5. Run the regression tests
llm-regtest run
Sample output:
[PASS] summarize-article (fuzzy: 0.94, semantic: 0.97, agg=0.96) [312ms, $0.00018]
[WARN] email-rewrite (fuzzy: 0.71, semantic: 0.79, agg=0.77) [289ms, $0.00014]
[FAIL] sentiment-label (exact: 0.00, fuzzy: 0.43, agg=0.21) [198ms, $0.00009]
------------------------------------------------
Results (3 cases): 1 passed, 1 warned, 1 failed
Cost: $0.00041 | Latency: 266.3ms avg
------------------------------------------------
Each result line now shows latency (ms) and cost (USD) alongside the score. The summary line aggregates total cost and average latency across the run.
6. View a saved report
llm-regtest report
How the Regression Check Works
prompt_cases.json .promptregtest/baselines/
┌──────────────────┐ ┌───────────────────────────┐
│ id: "summarize" │ │ summarize.txt │
│ prompt: "..." │──run──▶ │ "Short 10-min walks..." │◀── baseline
│ input: "..." │ └───────────────────────────┘
└──────────────────┘ │
│ compare
New run output ──────────────────┘
"Brief post-meal walks..."
│
▼
scorer.semantic_similarity(new, baseline)
= cosine(embed(new), embed(baseline))
= 0.91 → PASS (threshold: 0.85)
On each run, the tool:
- Loads every case from
prompt_cases.json - Sends the prompt (+ optional input) to the configured model
- Measures latency (wall-clock ms) and token counts for that call
- Computes USD cost from the provider's pricing table
- Runs each configured scorer against the stored baseline
- Computes a weighted aggregate score
- Compares it to the
pass/warnthresholds - Saves a JSON report to
.promptregtest/reports/
Cost and Latency Tracking
Every run automatically captures:
| Metric | Where it appears |
|---|---|
| Per-request latency (ms) | Beside each result: [312ms, $0.00018] |
| Per-request USD cost | Beside each result: [312ms, $0.00018] |
| Total run cost | Summary line: Cost: $0.00041 |
| Average latency | Summary line: Latency: 266.3ms avg |
| Input / output token counts | Saved in the JSON report |
Cost is calculated from built-in pricing tables for common OpenAI and Anthropic models. Unknown models report $0.00000 (no crash). The JSON report stores input_tokens, output_tokens, cost_usd, and latency_ms per case for later analysis.

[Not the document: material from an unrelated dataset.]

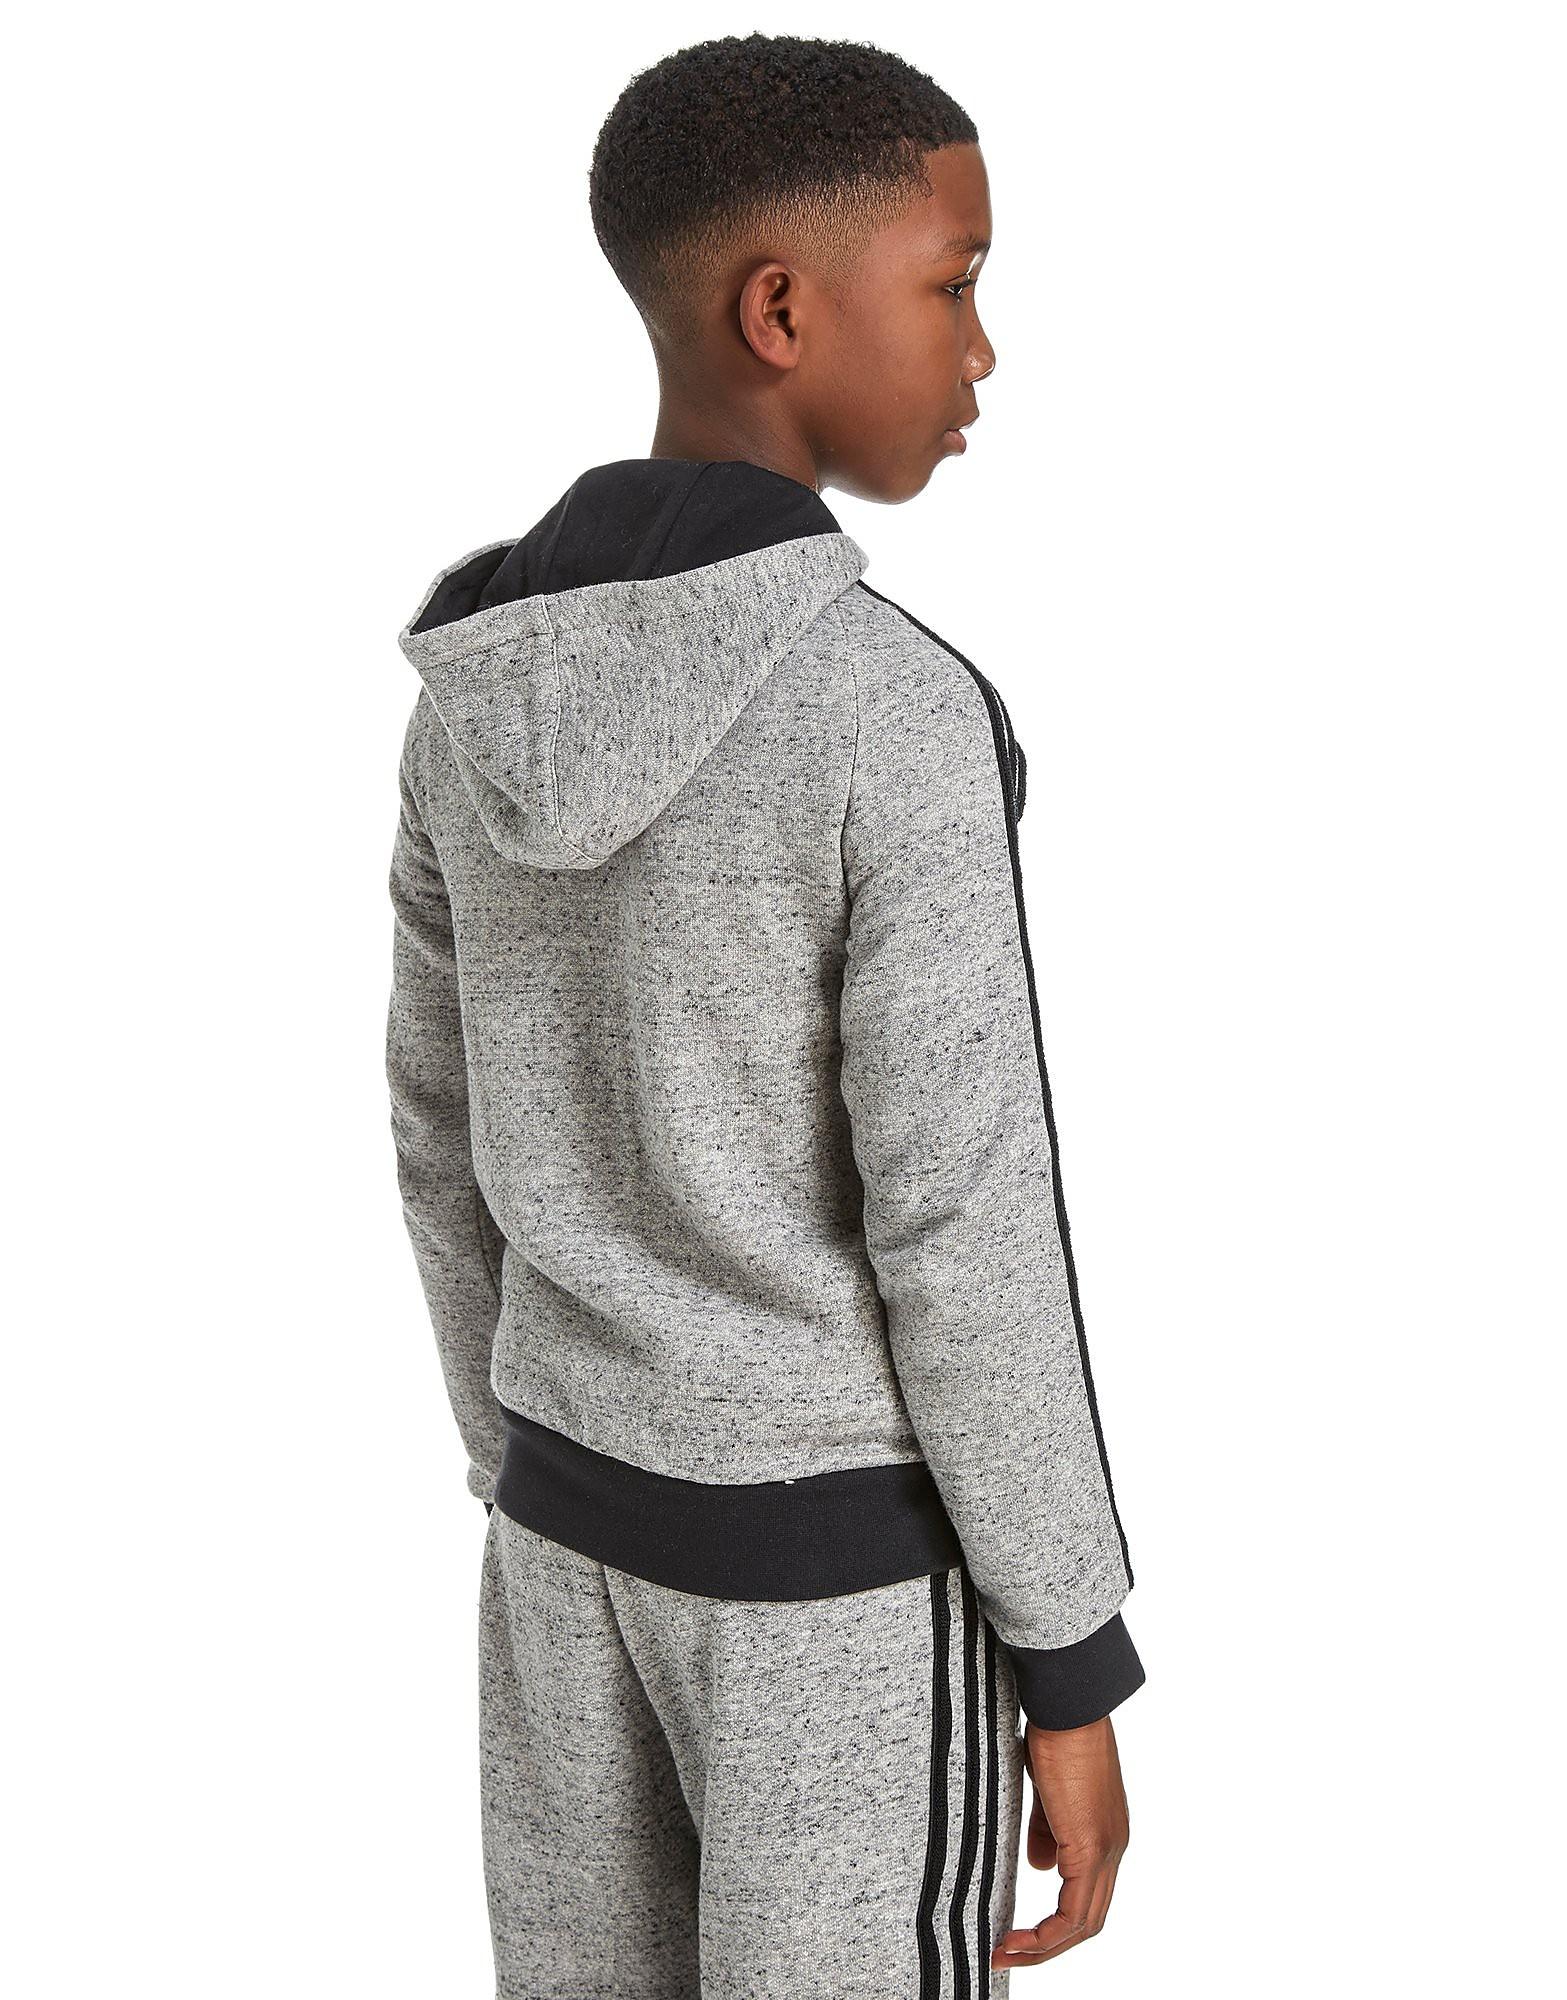 adidas Originals Trefoil Series Track Jacket Junior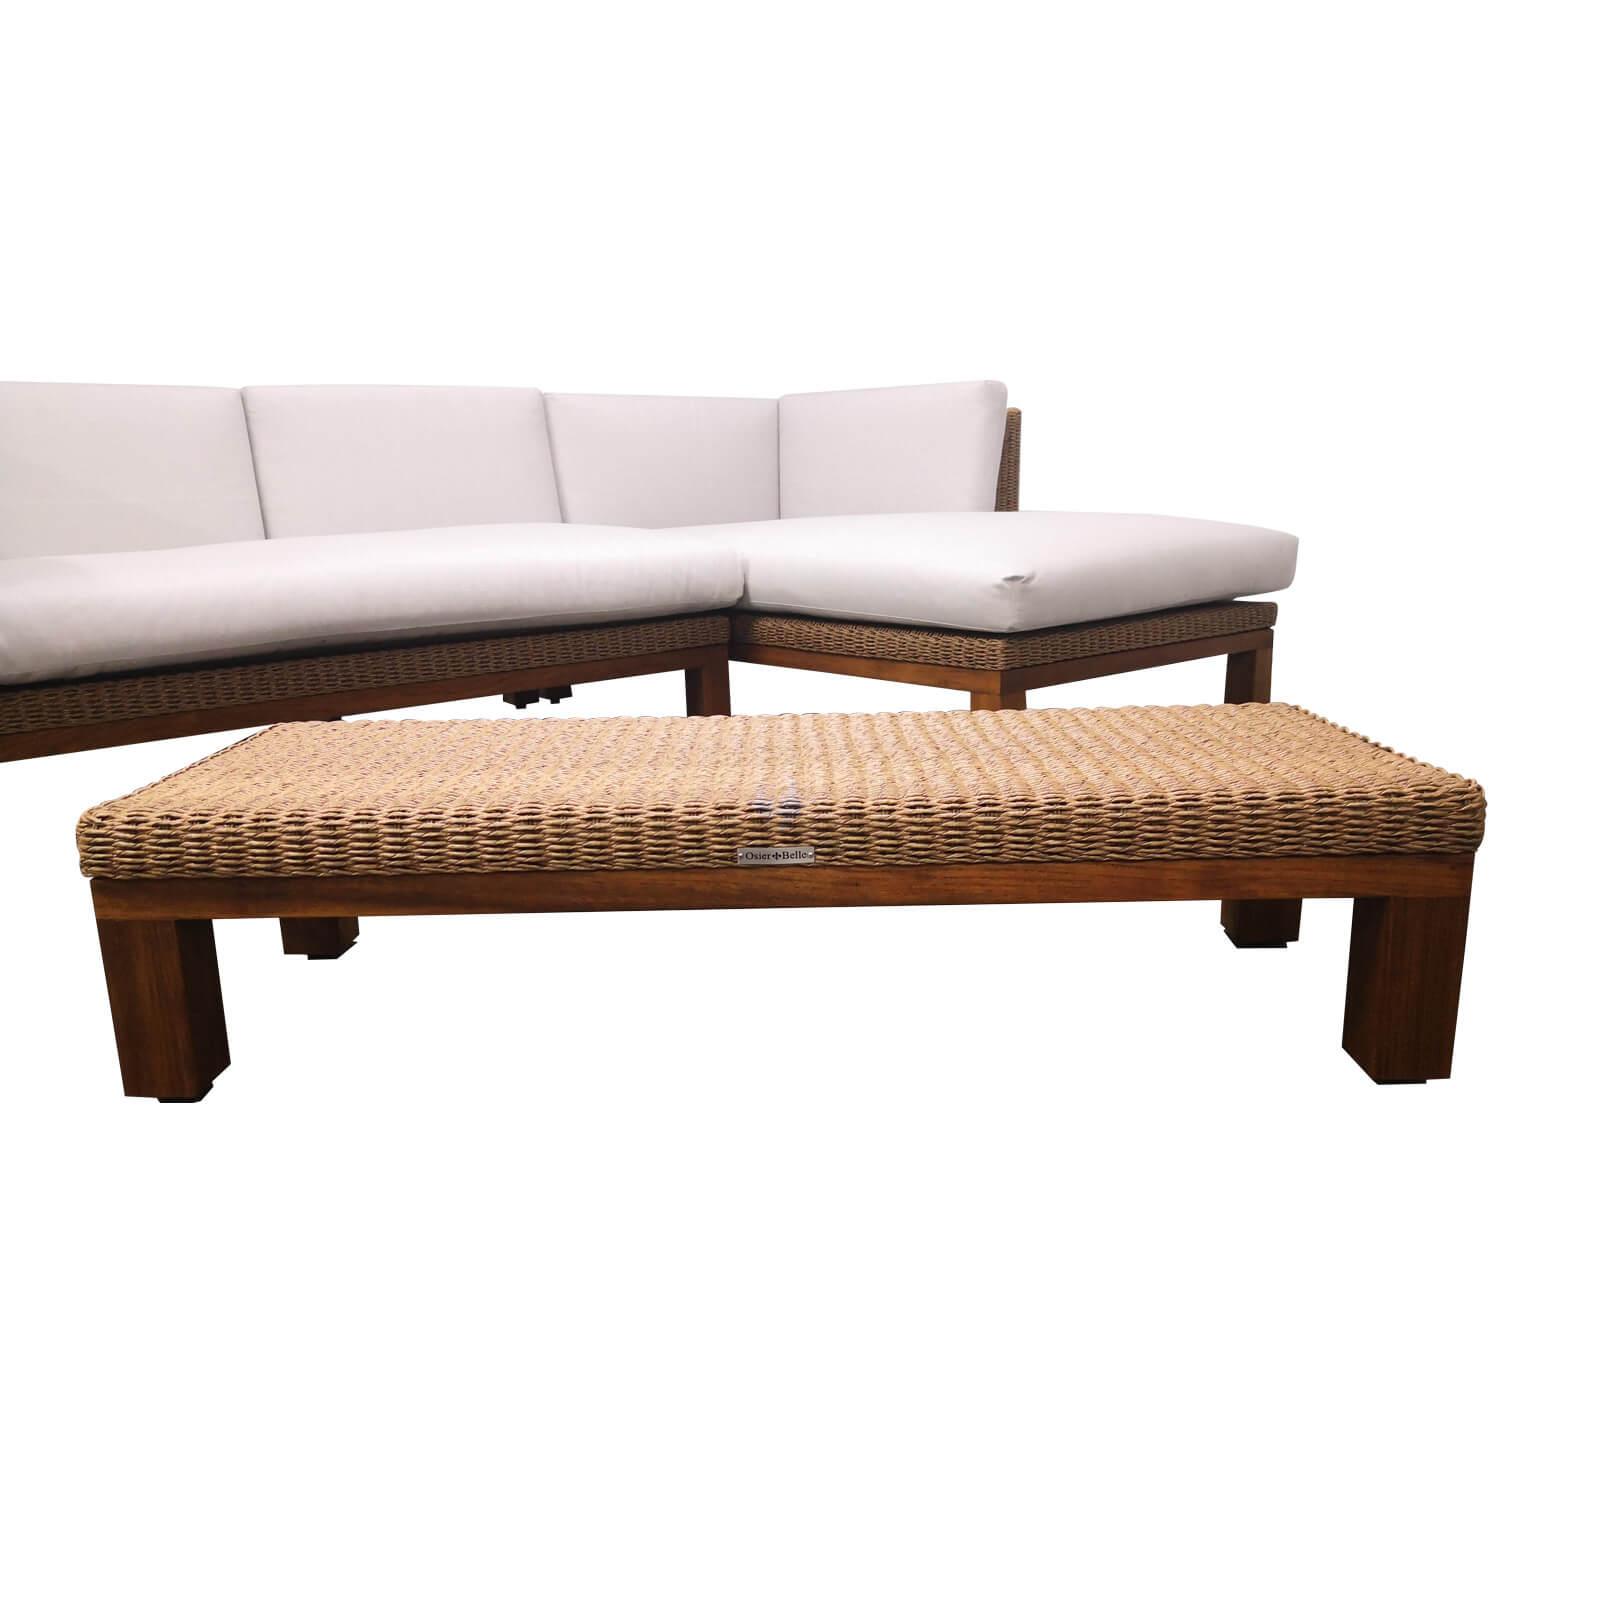 Two Design Lovers outdoor furniture teak and wicker coffee table Osier Belle Joli

Semantic Similarity Scoring
The semantic scorer encodes both the new output and the baseline as sentence embeddings, then computes their cosine similarity. Two responses that express the same idea in different words score close to 1.0; responses with entirely different meaning score near 0.0.
Install:
pip install -e ".[semantic]"
Configure:
{
"scoring": {
"methods": ["fuzzy", "semantic"],
"weights": { "fuzzy": 0.3, "semantic": 0.7 },
"thresholds": { "pass": 0.85, "warn": 0.65 }
}
}
The all-MiniLM-L6-v2 model is downloaded once and cached in memory across cases in the same run. If sentence-transformers is not installed, the scorer is simply not registered — no crash on import. It will only fail if you explicitly request "semantic" in your config without the package installed.
Comparing Two Versions of a Prompt
The most common workflow: lock in version A, change the prompt, compare.
1. Generate the baseline (version A)
llm-regtest update-baseline
2. Modify your prompt in prompt_cases.json
"prompt": "Write a one-sentence summary focusing on the key finding:"
3. Run the comparison
llm-regtest run --verbose
--verbose also prints a line-by-line diff between the baseline and the new output for each case.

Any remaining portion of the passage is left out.